INFORMATION PROVIDED:
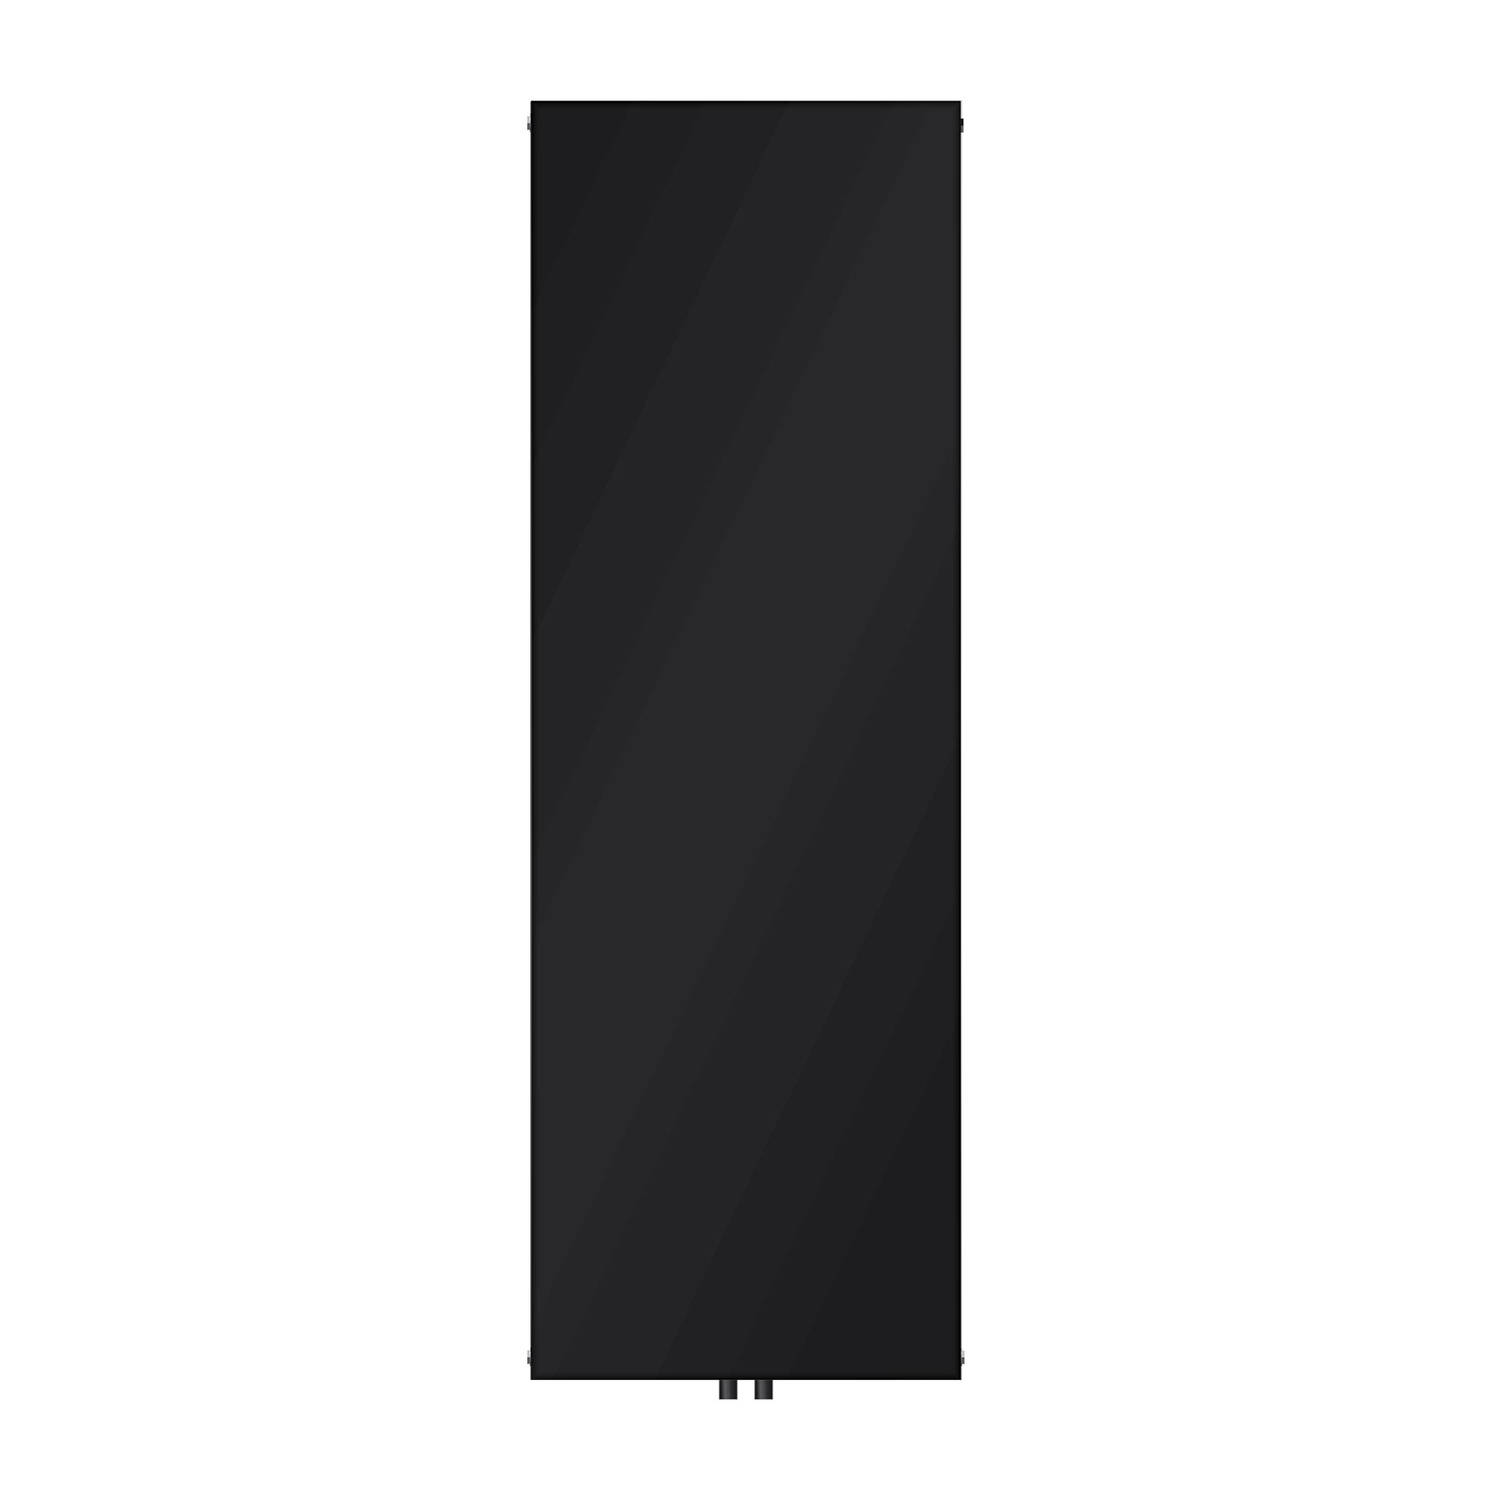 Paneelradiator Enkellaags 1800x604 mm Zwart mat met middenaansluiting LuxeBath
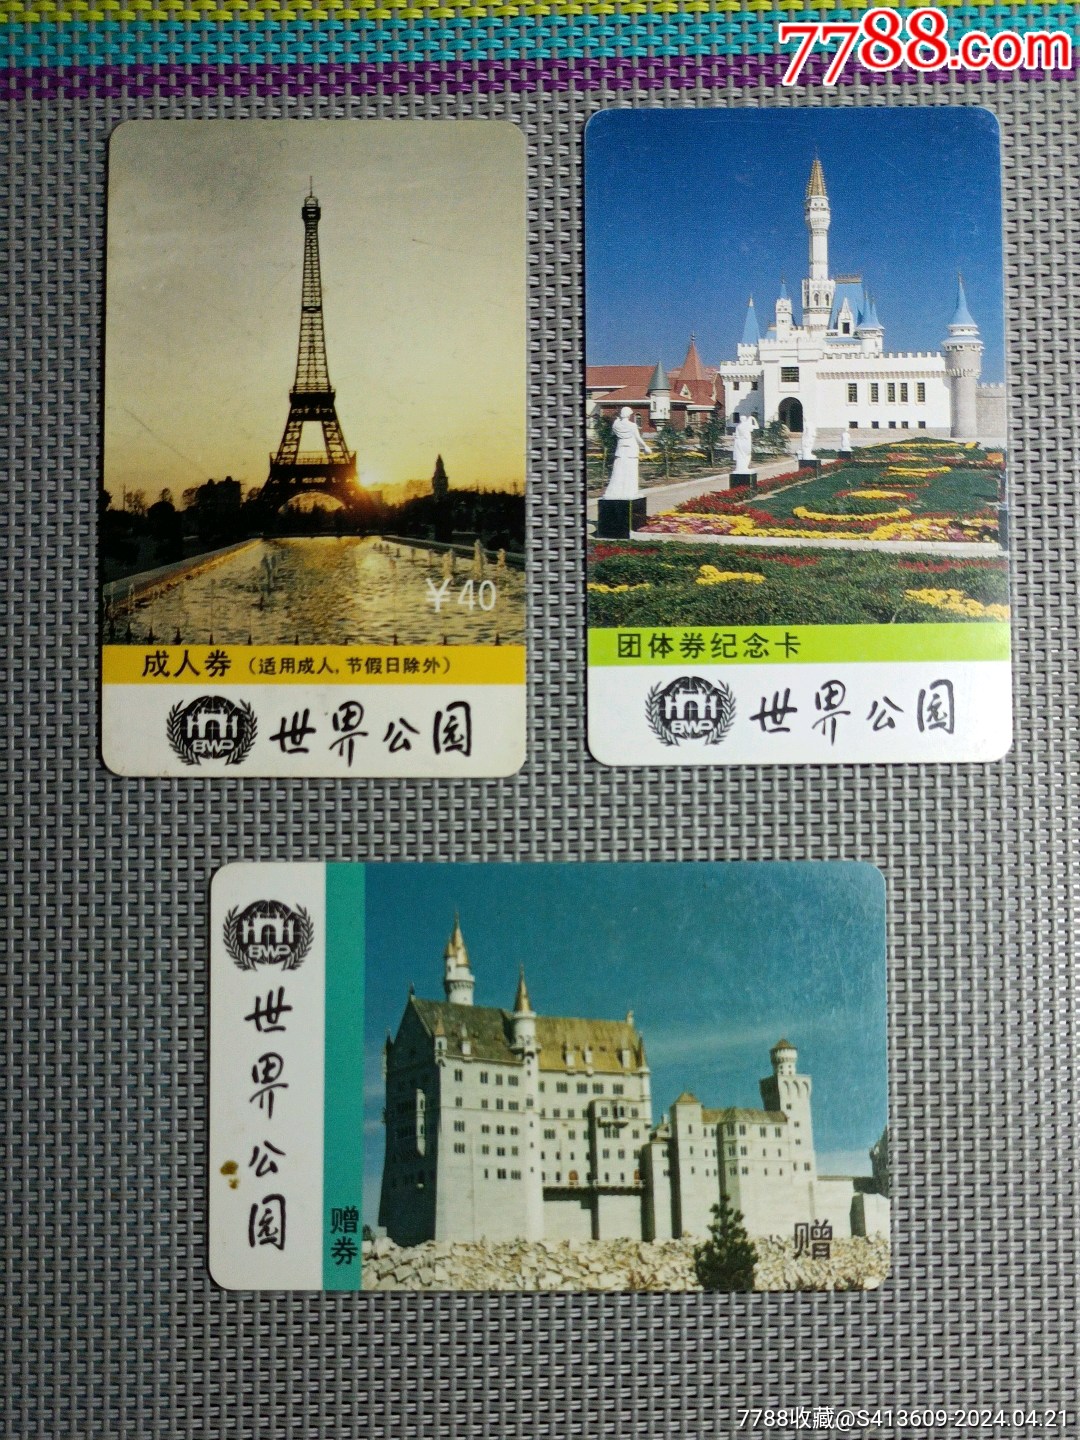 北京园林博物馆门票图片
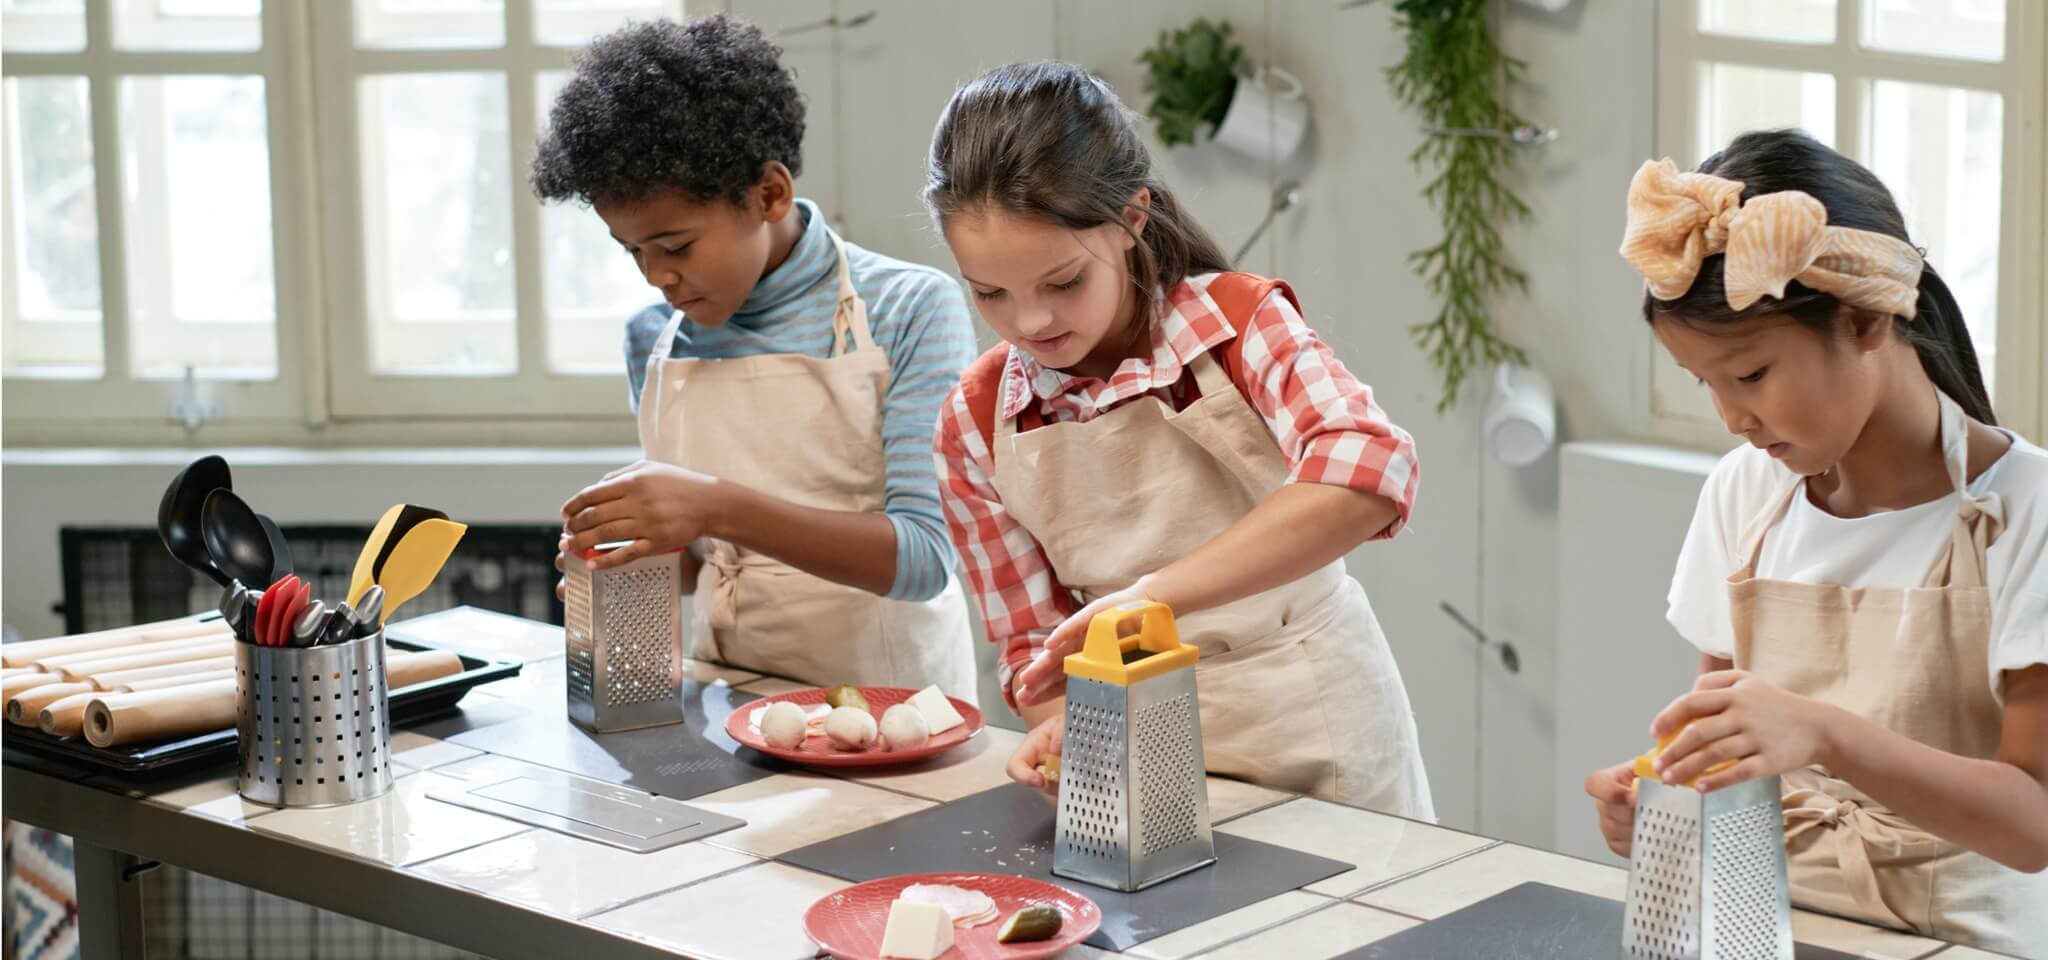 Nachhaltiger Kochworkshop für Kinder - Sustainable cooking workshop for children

WHAT YOU ARE ASKED TO DO: Reproduce every line of the data above, exactly as it stands, but not the pictures.

FINAL ANSWER:
 Paneelradiator Enkellaags 1800x604 mm Zwart mat met middenaansluiting LuxeBath
 北京园林博物馆门票图片
 Nachhaltiger Kochworkshop für Kinder - Sustainable cooking workshop for children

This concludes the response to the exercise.